Nature Subsidiary: CAR-T cell expansion efficiency is expected to increase 10 times
January 23, 2018 Source: Academic Jingwei
Window._bd_share_config={ "common":{ "bdSnsKey":{ },"bdText":"","bdMini":"2","bdMiniList":false,"bdPic":"","bdStyle":" 0","bdSize":"16"},"share":{ }};with(document)0[(getElementsByTagName('head')[0]||body).appendChild(createElement('script')) .src='http://bdimg.share.baidu.com/static/api/js/share.js?v=89860593.js?cdnversion='+~(-new Date()/36e5)];Last year was the first year of CAR-T therapy – a breakthrough therapy that allowed one cancer patient to survive, turning a “death judgment†into a miracle of life. The advent of two CAR-T therapies has also opened a new era of cancer treatment.
  
However, the approval of the listing is not the end of the development of such treatments.

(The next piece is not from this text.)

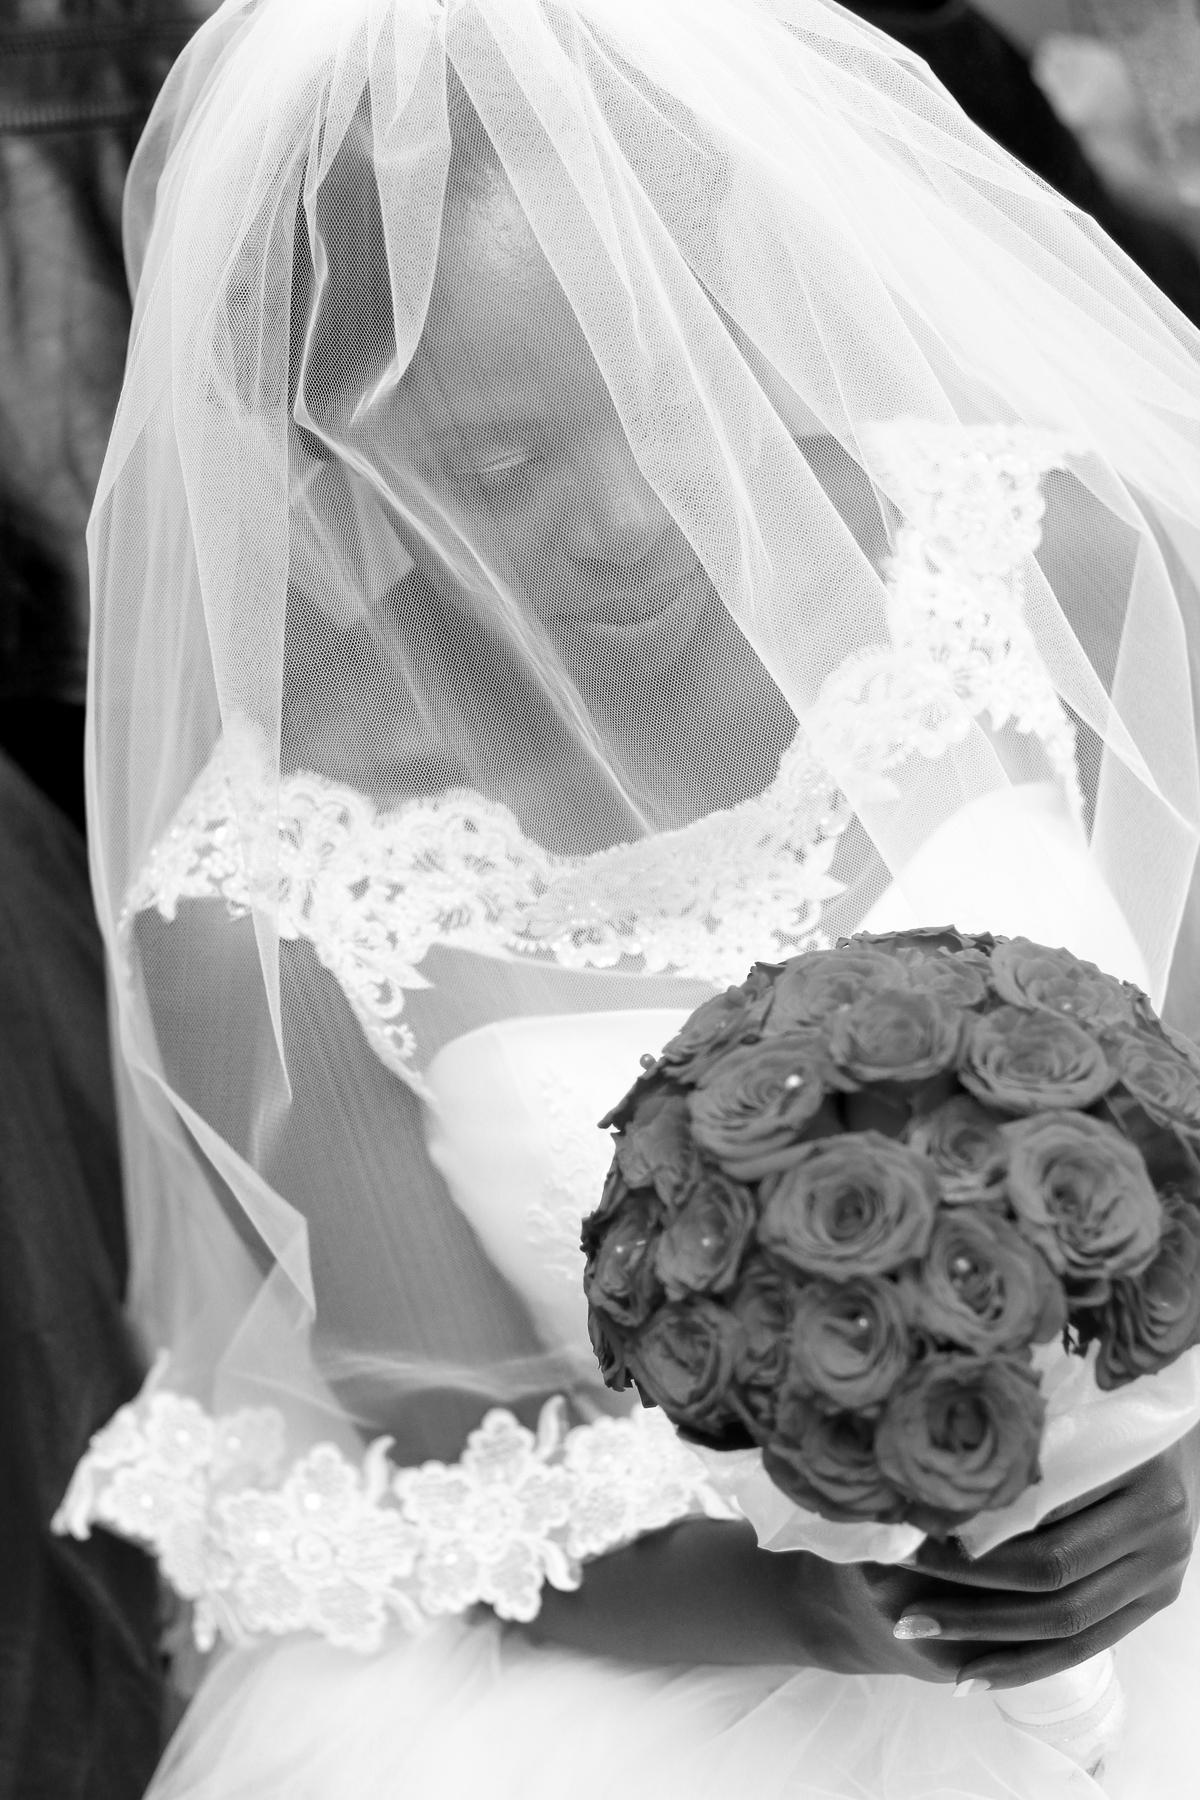 NAIROBI_KENYA_WEDDING_PHOTOGRAPHERS_ANTONY_TRIVET_PHOTOGRAPHYDari-Best Nairobi Weddings –Top Kenyan Wedding Photographers – Top Kenyan Weddings –Top Nairobi Wedding Photographers –Best Kenyan Wedding Photographers –Best Nairobi Wedding Photography
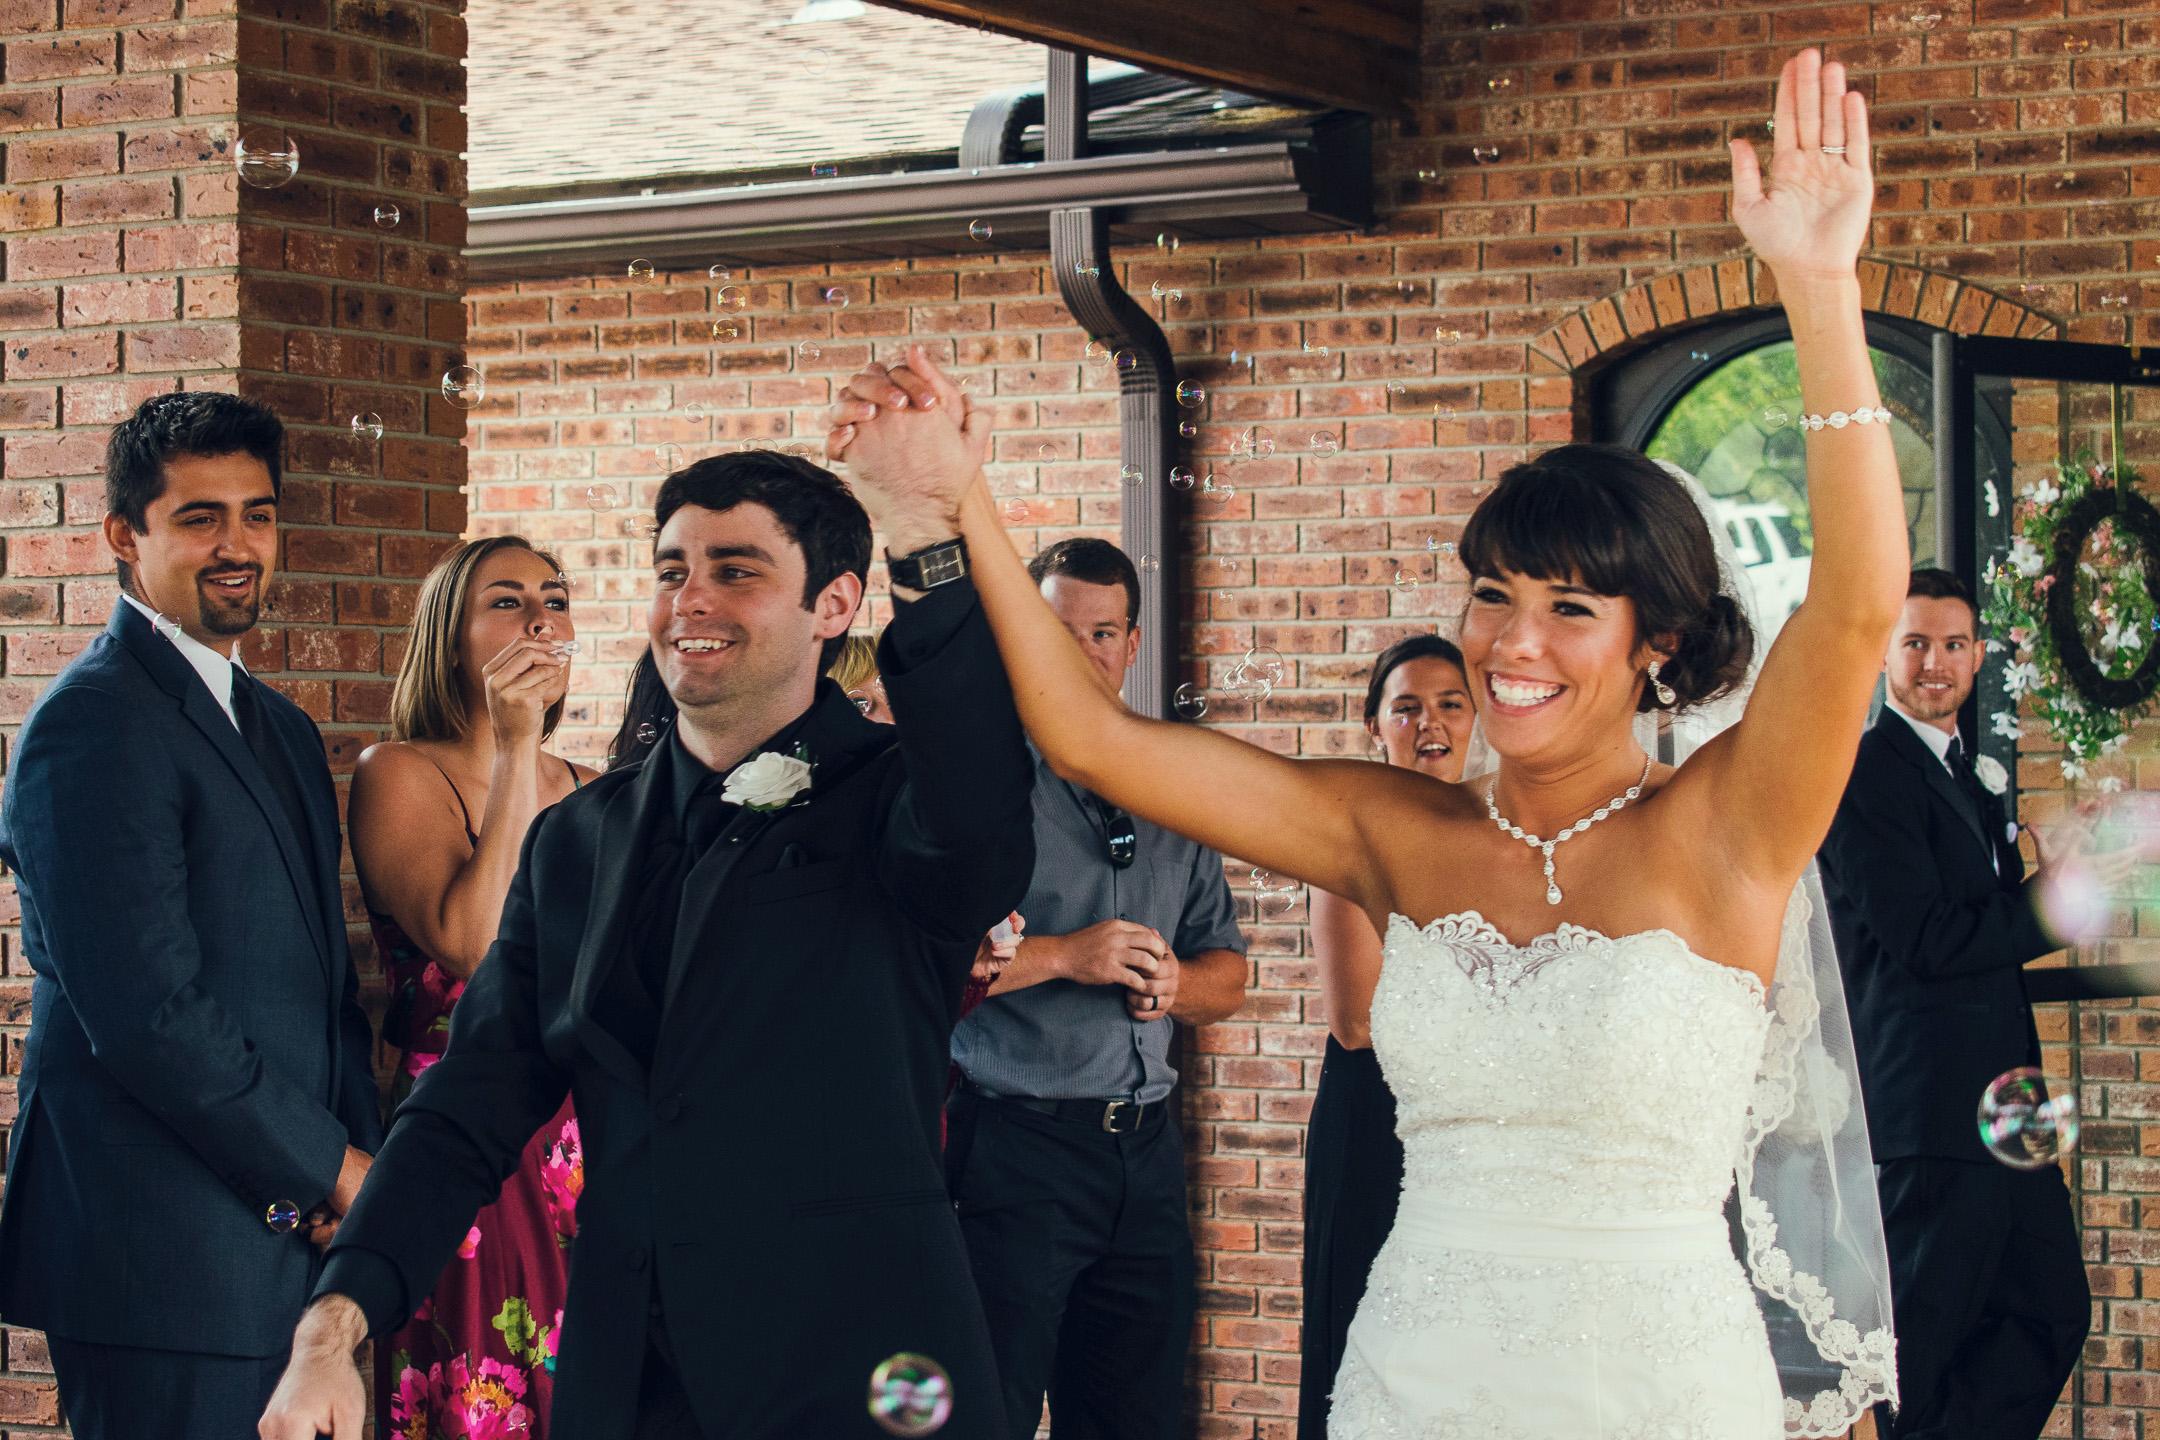 Conner_Wedding_Edits_Web-251.jpg

Researchers are well aware that there are still many bottlenecks in this type of therapy. From a process perspective, researchers need to isolate immune T cells from patients and send them to the laboratory to introduce receptors for cancer cell surface antigens. Subsequently, the researchers expanded the number of T cells that introduced the new gene into a million-level quantity and then returned it to the patient to treat cancer.
The rate limiting step here is that the in vitro amplification step of T cells is time consuming and labor intensive. In humans, expansion of T cells requires the assistance of antigen-presenting cells (APCs). Such cells will multi-step stimulation of T cells at the right time. However, in vitro expansion, scientists are not able to mimic the activation of T cells by APC cells.
â–²Professor David J Mooney of this study (Source: Harvard University)
This phenomenon is expected to be completely changed! Recently, "Nature Biotechnology" published in the "Nature" magazine published a study that is inspiring for everyone who cares about cell therapy: Professor David J Mooney from Harvard University's Wyss Institute and his team developed a use A scaffold made of biomaterial. It mimics the function of APC in vitro and makes T cell expansion more efficient. If it can be further applied to the clinic, we will hope to shorten the manufacturing process of CAR-T therapy and let it come to patients who suffer from acute blood cancer as soon as possible for treatment.
To make the stent, the researchers first filled the porous silicon rod-like material with interleukin 2 (IL-2), a class of factors produced by APC that prolongs the lifespan of T cells. The researchers then applied a lipid bilayer to the outside of these silicon rods to mimic the cell membrane of APC. Later, they added a variety of antibodies that activate T cells. In the culture dish, these small rods can automatically and automatically form a scaffold structure, allowing T cells to move and expand freely in the scaffold.
â–² Electron microscopy of the scaffold (left), and T cells attached to the scaffold (blue on the right) (Source: Wyss Institute at Harvard University)
This seemingly simple design has achieved good results. These mock APC scaffolds are surprisingly efficient compared to current conventional in vitro amplification techniques. "After one use, the mock APC scaffold can increase the proliferation of primary T cells in mice and humans by 2-10 fold!" David Zhang, the second author and graduate student of the study, said: "Another benefit of this stent." It allows us to fine-tune the subpopulation of T cells to produce the desired immune response. In the future, this will increase the functionality of T cells."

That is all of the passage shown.